The dossier has been issued because of the concerns of the Blair government that the United Nations arms inspections will not produce evidence that makes the case for a renewed military bombardment of Iraq. Since the UN inspectors arrived in Iraq on November 28, they have been given unrestricted access to the sites they wished to view, including Hussein’s palaces, and have found nothing. Baghdad has also promised to issue its list of any weapons programmes it is undertaking on December 7, one day before it was required to do so, and has said that this would prove that the country has no weapons of mass destruction.

However, the US has indicated that it will essentially ignore the UN’s findings and instead compare Iraq’s report with its own undisclosed intelligence to justify military action. Speaking on the day Straw issued his dossier, President Bush expressed deep scepticism about the ability of the UN inspectors to uncover weapons of mass destruction. He insisted, “A regime that fires upon American and British pilots is not taking the path of compliance. A regime that sends letters filled with protests and falsehoods is not taking the path of compliance.”

He said that it was up to Iraq, not the inspectors, to disclose its weapons programmes, or it would face a serious response.

Bush cited two alleged examples of Iraqi anti-aircraft fire as supposed proof of a lack of compliance. In reality, the US and Britain have massively stepped up their ongoing bombardment of Iraq in an effort to provoke such retaliatory action. According to reports, ordinance dropped on Southern Iraq has increased by 300 percent since March to nearly 54 tonnes in September.

The US welcomed Britain’s dossier as a valuable addition to its own propaganda offensive. Secretary of Defense Donald Rumsfeld told the media, “Disarmament is only one of the steps required of Iraq in Resolution 1441.... [It] also calls for Iraq to end repression of its civilian population.”

In a veiled attack on European countries opposed to war, he added, “That this pattern of human rights violations seems not of concern to some nations is disturbing.... A regime with weapons of mass destruction and such contempt for human life, even the lives of its own people, ought to be considered what it is: namely, a particular kind of danger.”

As if to reinforce the widespread accusation of political opportunism, Straw’s next move following the issuing of his dossier was to visit the Turkish capital of Ankara. His mission was to help bring Turkey on board the US-British war effort in return for assurances of British support for Turkey’s membership of the European Union.

Turkey’s appalling human rights record was not a subject for discussion despite the fact that, according to a few brief extracts from Amnesty’s annual report, the following conditions exist in the country: “Torture in police custody remained widespread and was practised systematically.... Dozens of political killings were reported, some of which may have been extrajudicial executions.... Repression of political parties and organisations in the mainly Kurdish southeast continued.... There were numerous reports of torture and ill-treatment of men, women and children.... The most frequently reported methods included severe beatings, blindfolding, suspension by the arms or wrists, electric shocks, sexual abuse, and food and sleep deprivation.”

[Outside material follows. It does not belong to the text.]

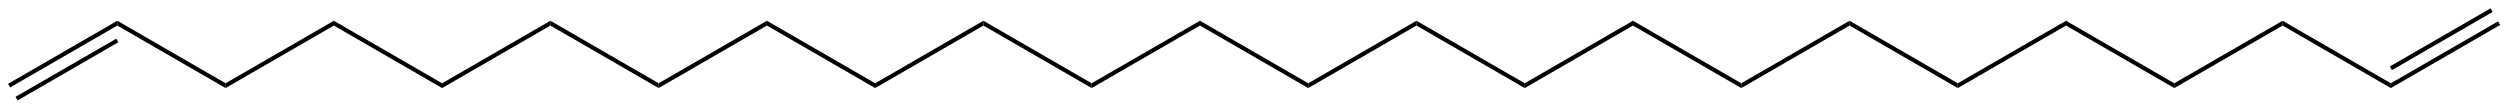 Image of 1,23-tetracosadiene

Straw was followed to Turkey by Paul Wolfowitz, the Deputy Defense Secretary in the Bush administration, who secured Ankara’s agreement that US troops would be allowed to use its air space and facilities. The number being considered is 100,000. In return, Wolfowitz promised Turkey economic support to tide it through any instability that might ensue from military confrontation on its doorstep and that the Kurds in northern Iraq would not be allowed to set up their own state.